By about 3:00 a.m., Brian had returned to the vicarage with a couple of ultra-sensitive microphones and several hundred yards of flex. He managed to position the microphones so that they could pick up the piano without being seen by prying eyes. Then all he had to do was run the flex back to the Rodent and bury it in the soft earth along the side of the footpath.

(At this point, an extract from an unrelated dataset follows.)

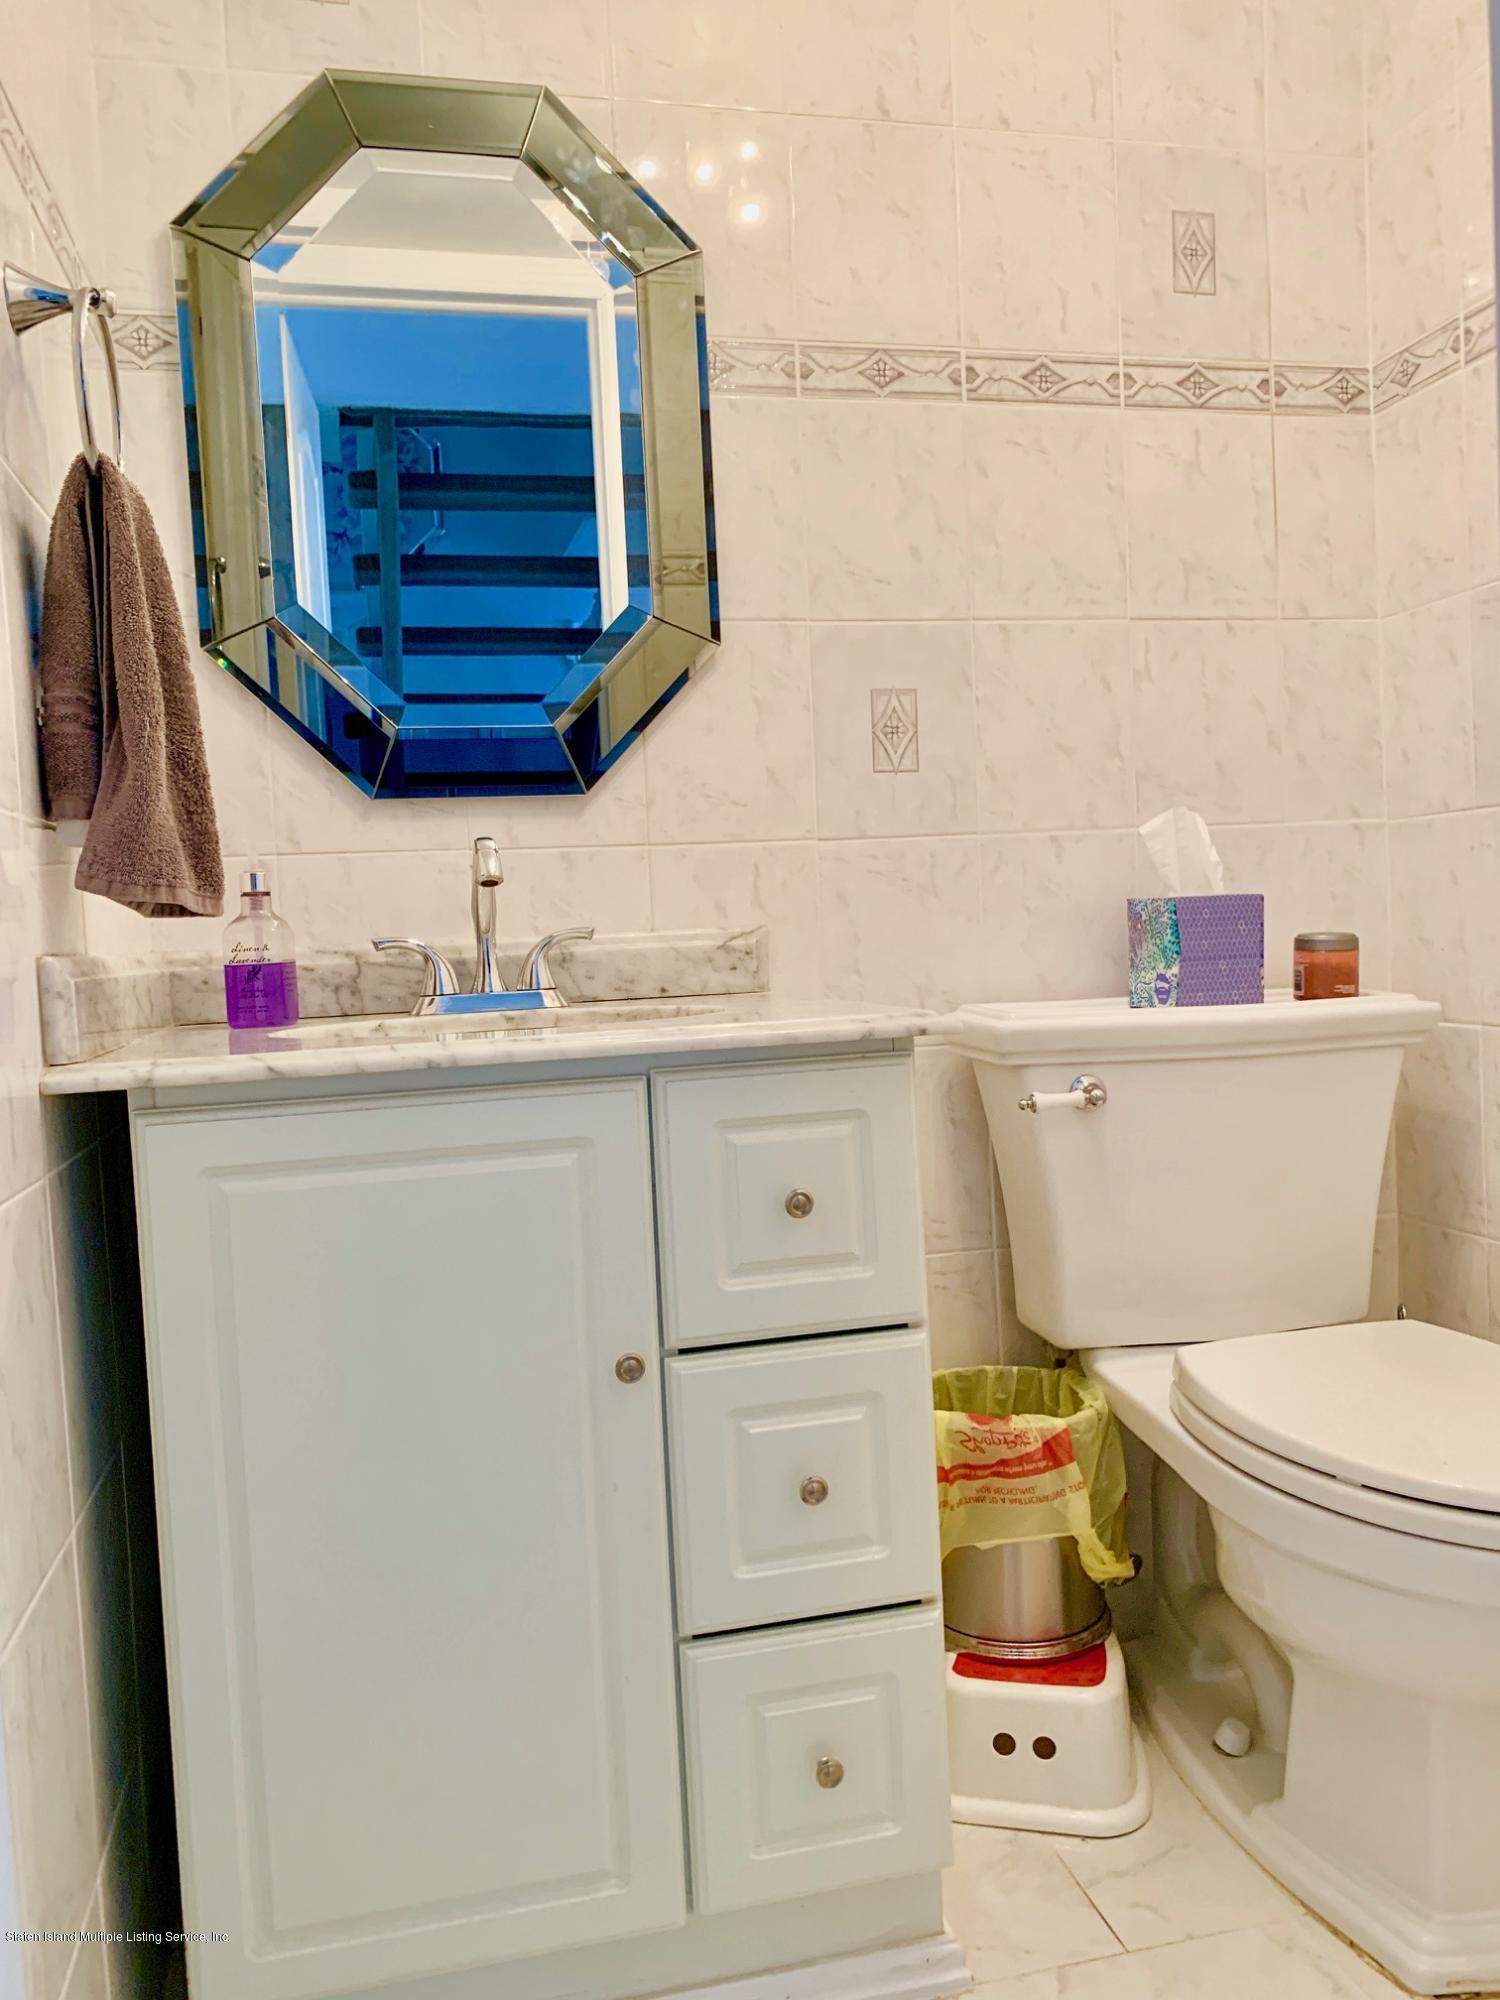 99 Cedar Grove Staten Island,New York,10306,United States,3 Bedrooms Bedrooms,7 Rooms Rooms,3 BathroomsBathrooms,Residential,Cedar Grove,1132231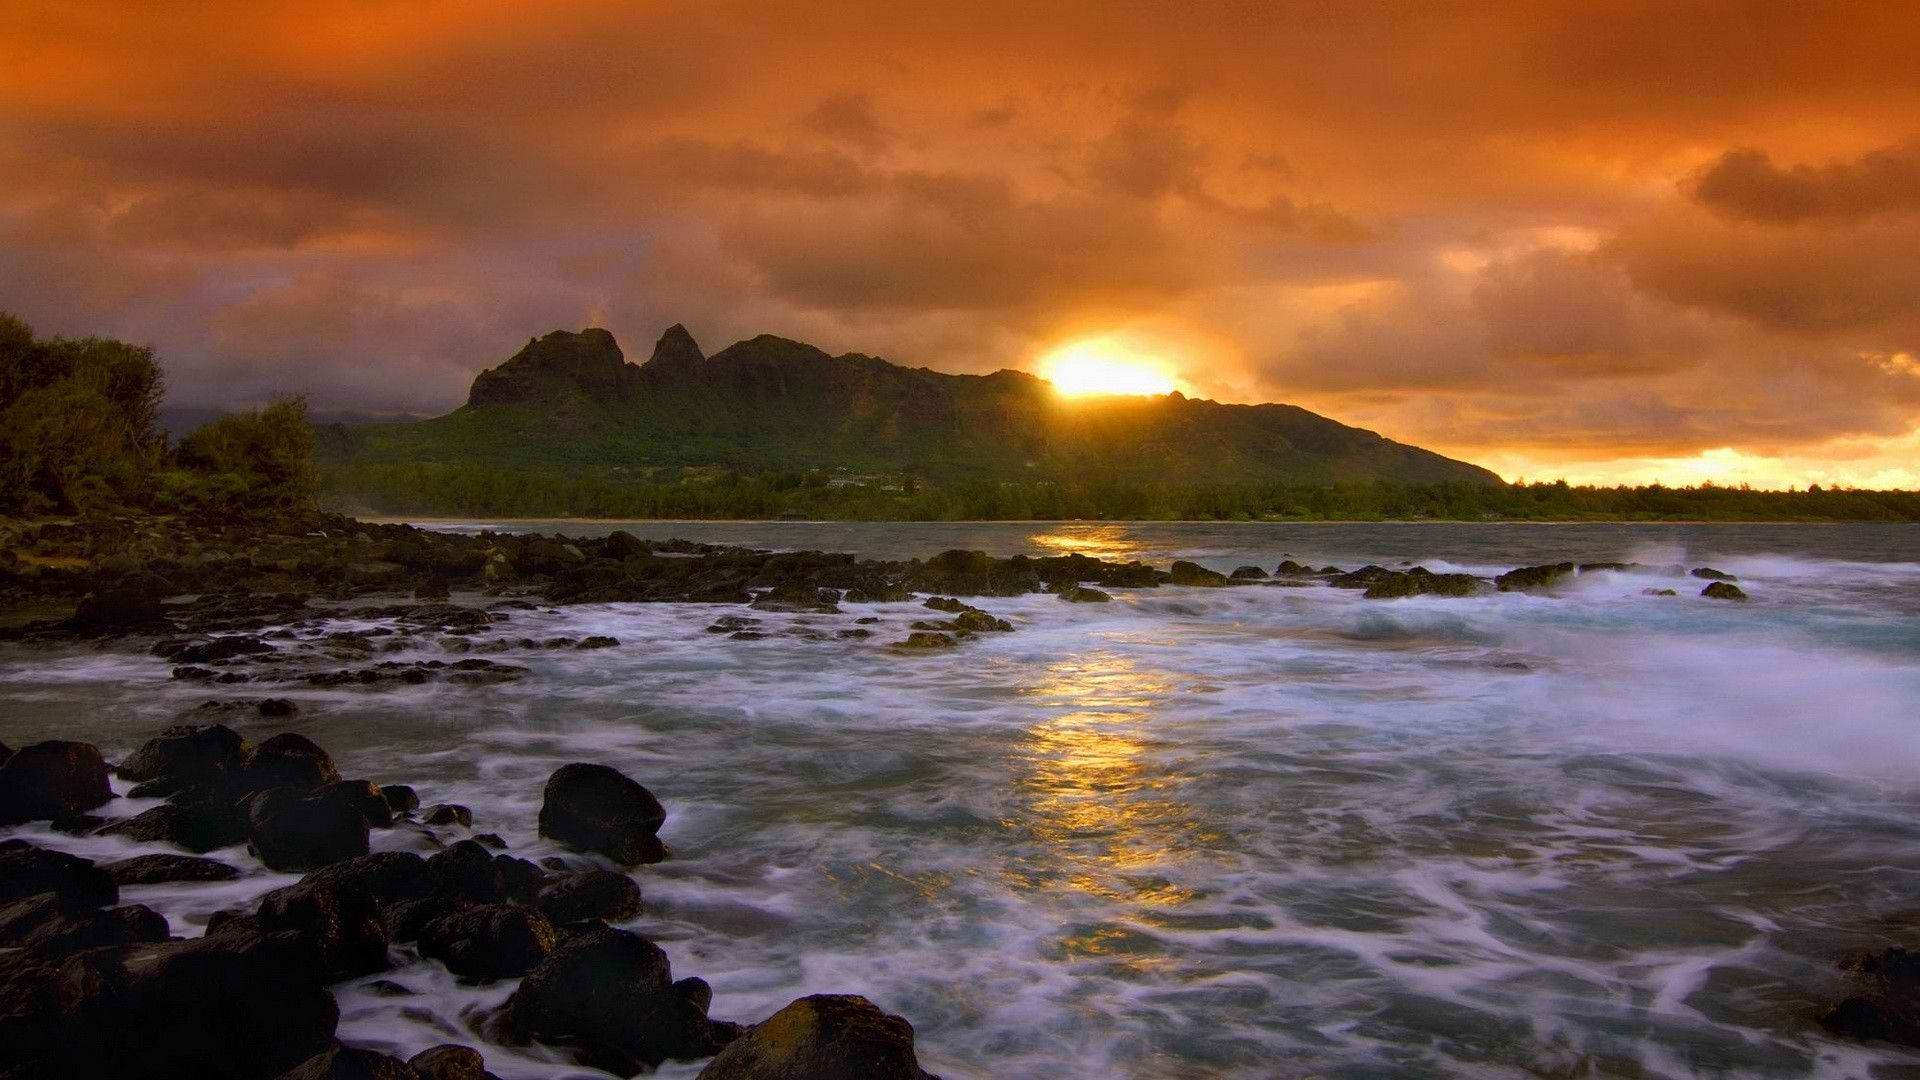 beautiful sunset on seacoast in kauai hawaii hd desktop background wallpaper free

         By the time the early morning dusk was giving way to a semblance of sunrise, Brian was back at the Rodent washing the dirt off his hands and dusting down his tape recorder. He'd have to get something a bit better than this old heap of junk if his plan was to work, but it'd do for the time being. Within weeks, Brian had already amassed a small library of Henry's outpourings, the torrent of which showed no signs of abating. Meanwhile, Brian was using the edited and cleaned-up recordings as the background muzak for the Rodent. For the locals, it only meant that they couldn't listen to the Radio 1 hits any longer. But, for the out-of-towners passing through it was a manna from heaven.

         Within a couple months of starting his new scam, Brian was approached by a representative of a chain of public houses who wanted to use the same muzak for their pubs. "No probs," says our Brian, "As I'm the agent." Within the hour an arrangement is arrived at with the representative which leaves our Brian in a position to contemplate bigger and better things.